DATA PROVIDED:
☆ ☆ ☆ ☆ ☆ ☆ ☆

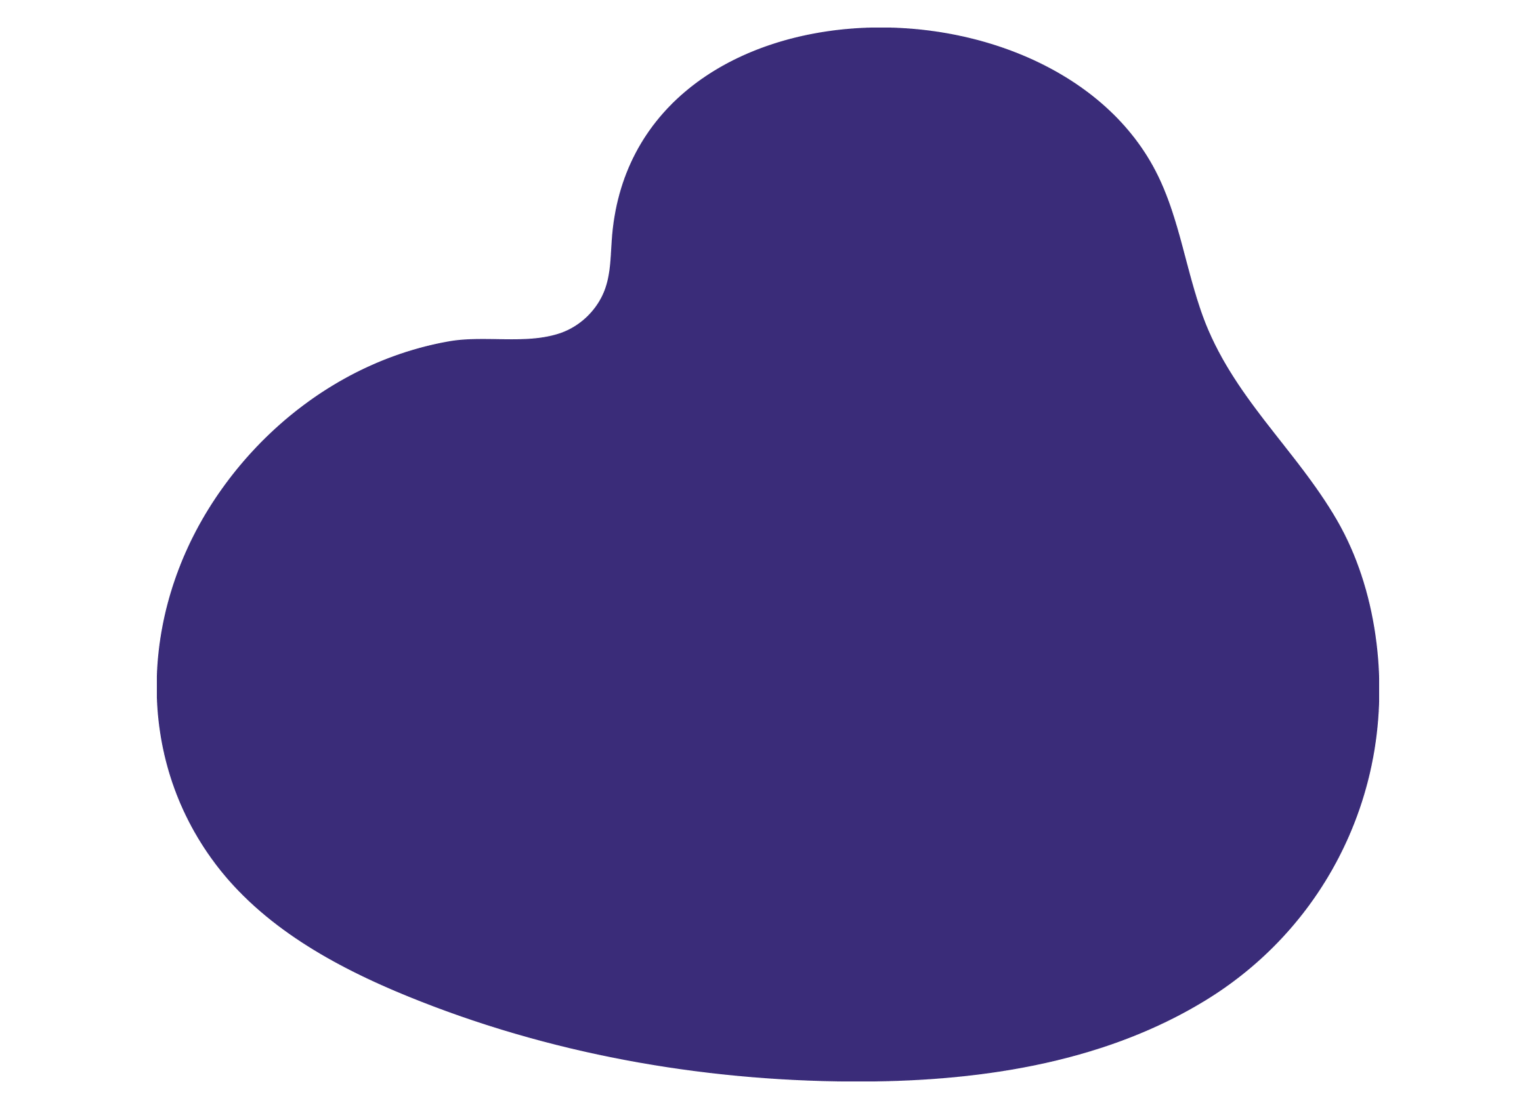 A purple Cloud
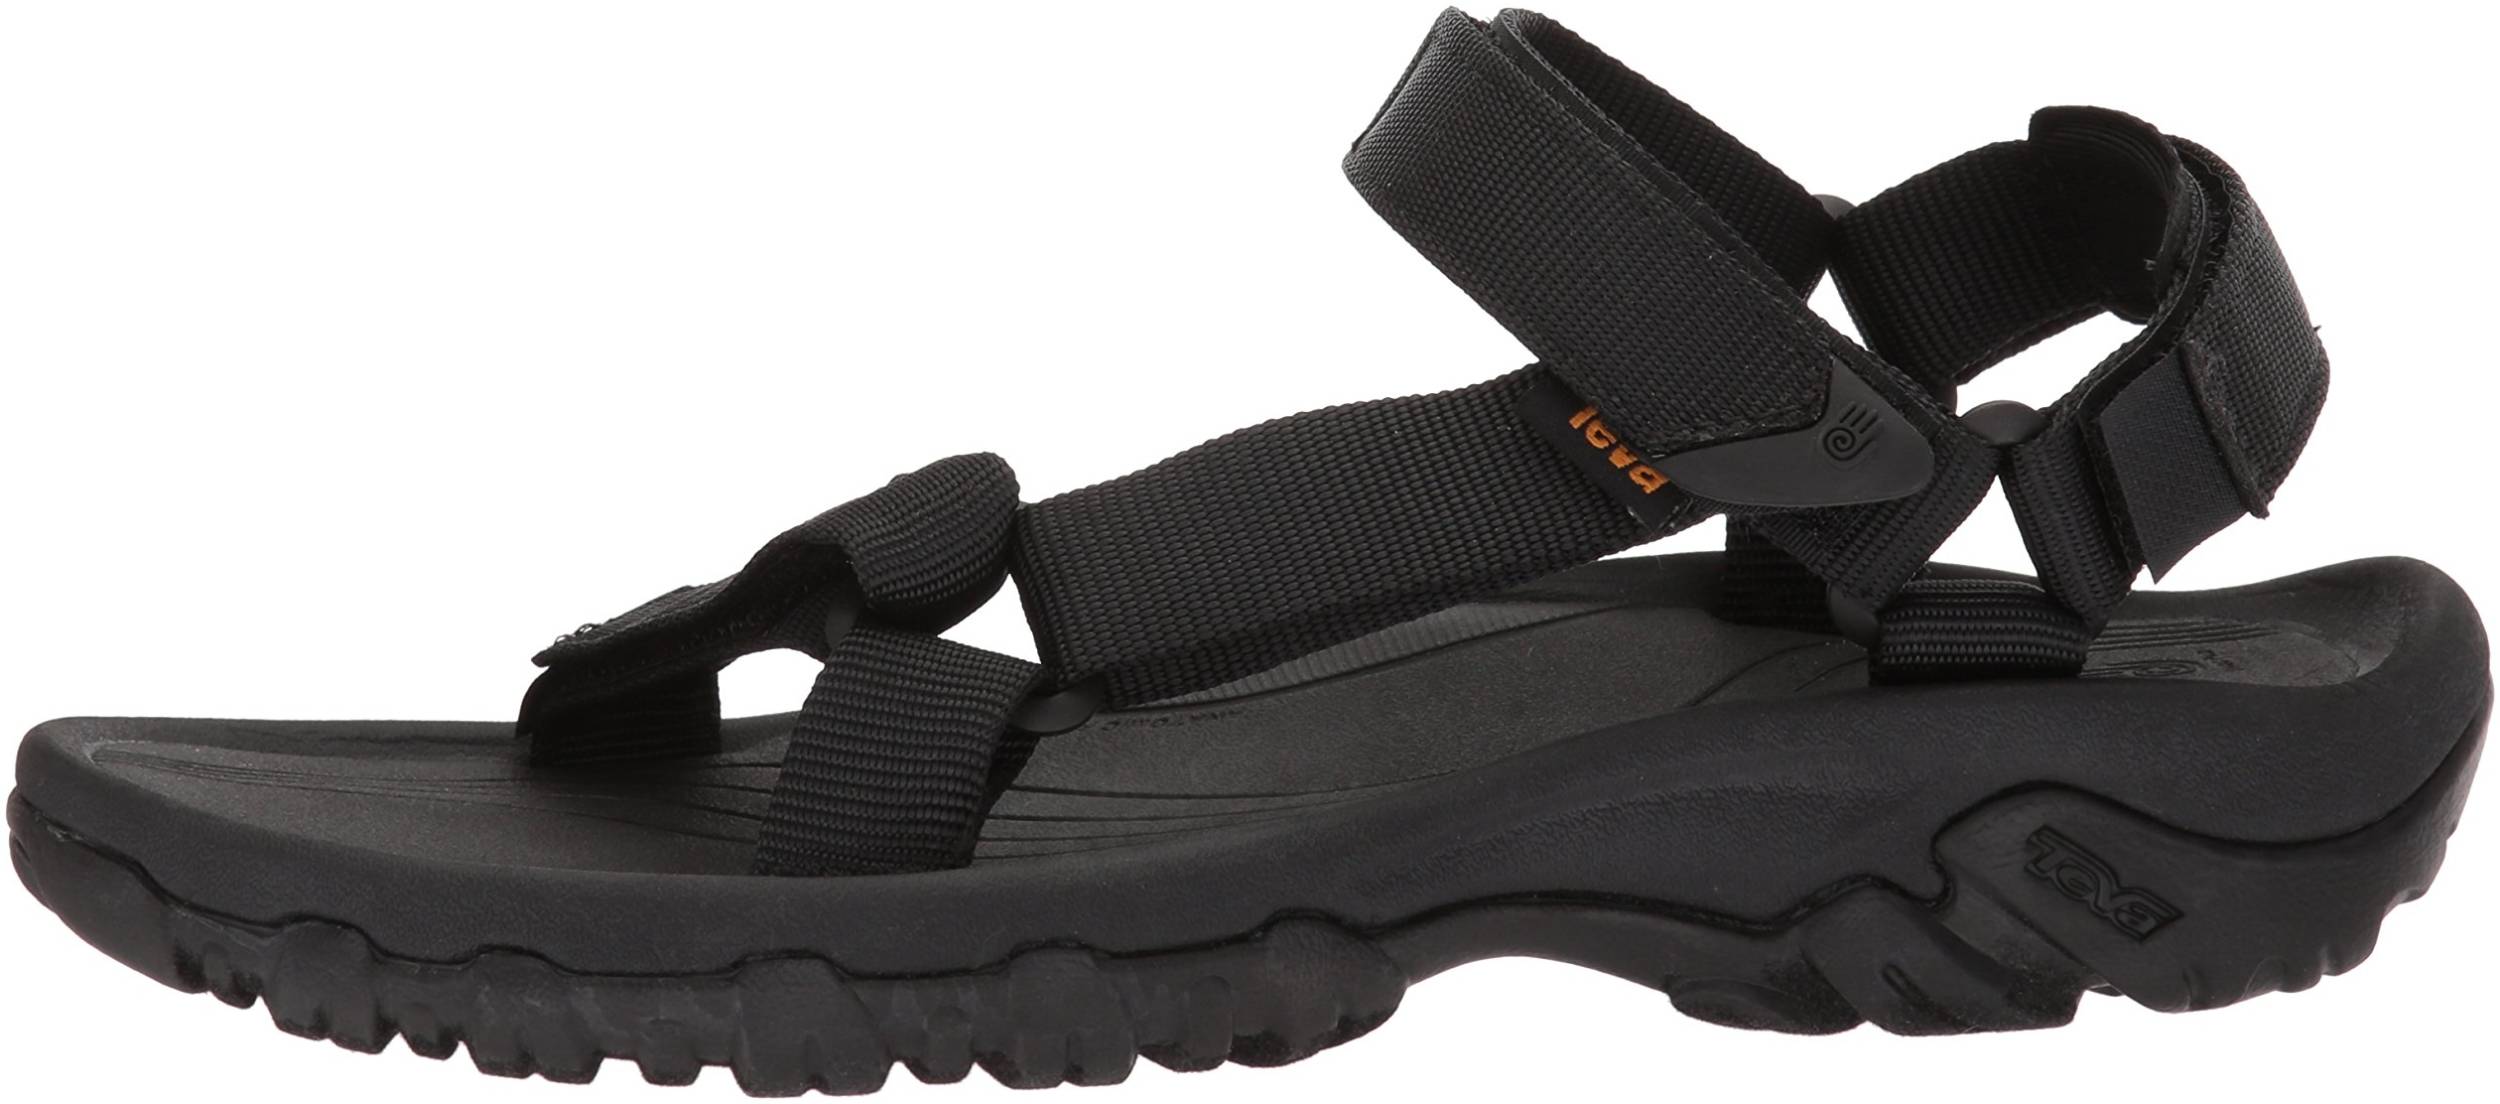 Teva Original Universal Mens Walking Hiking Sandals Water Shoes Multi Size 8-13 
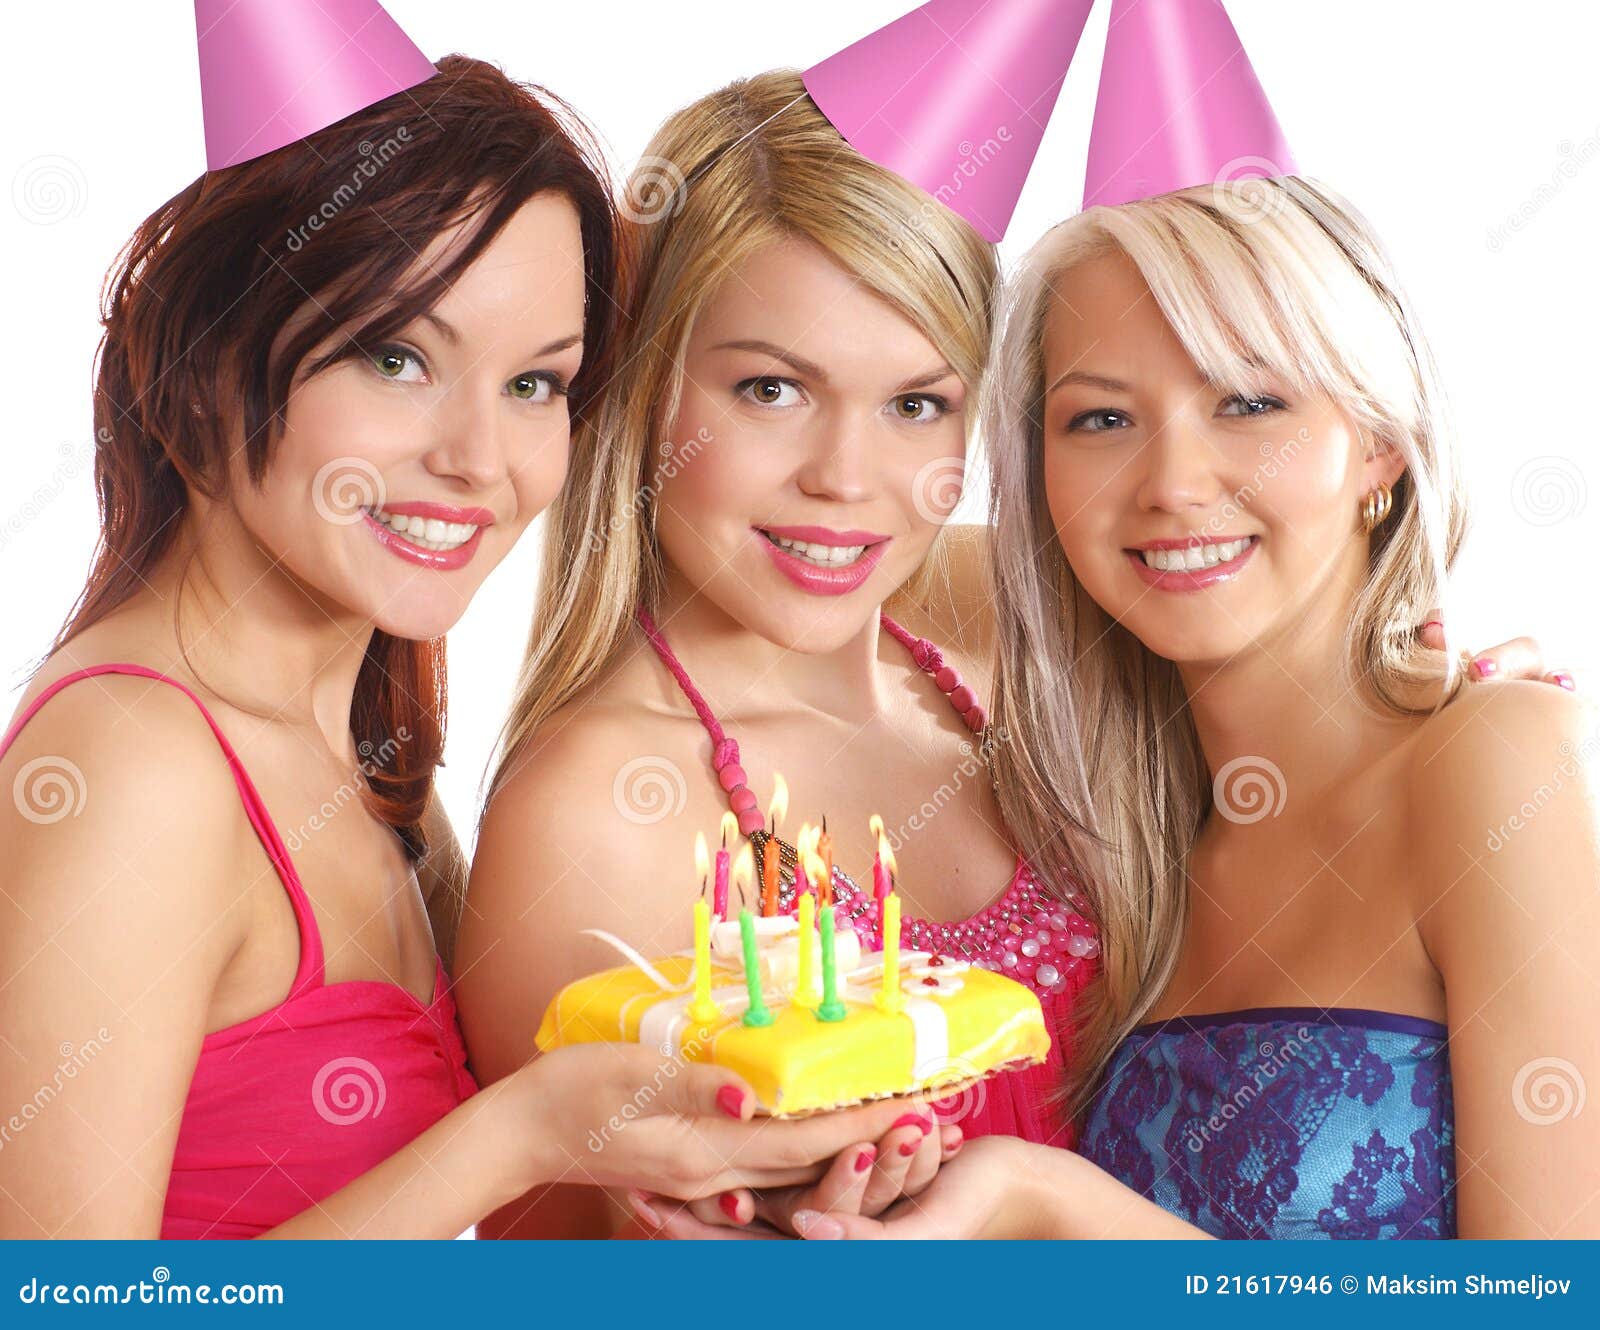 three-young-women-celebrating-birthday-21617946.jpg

☆ ☆ ☆ ☆ ☆ ☆ ☆

Repeat the listing above word for word, omitting the pictures.

 A purple Cloud
 Teva Original Universal Mens Walking Hiking Sandals Water Shoes Multi Size 8-13 
 three-young-women-celebrating-birthday-21617946.jpg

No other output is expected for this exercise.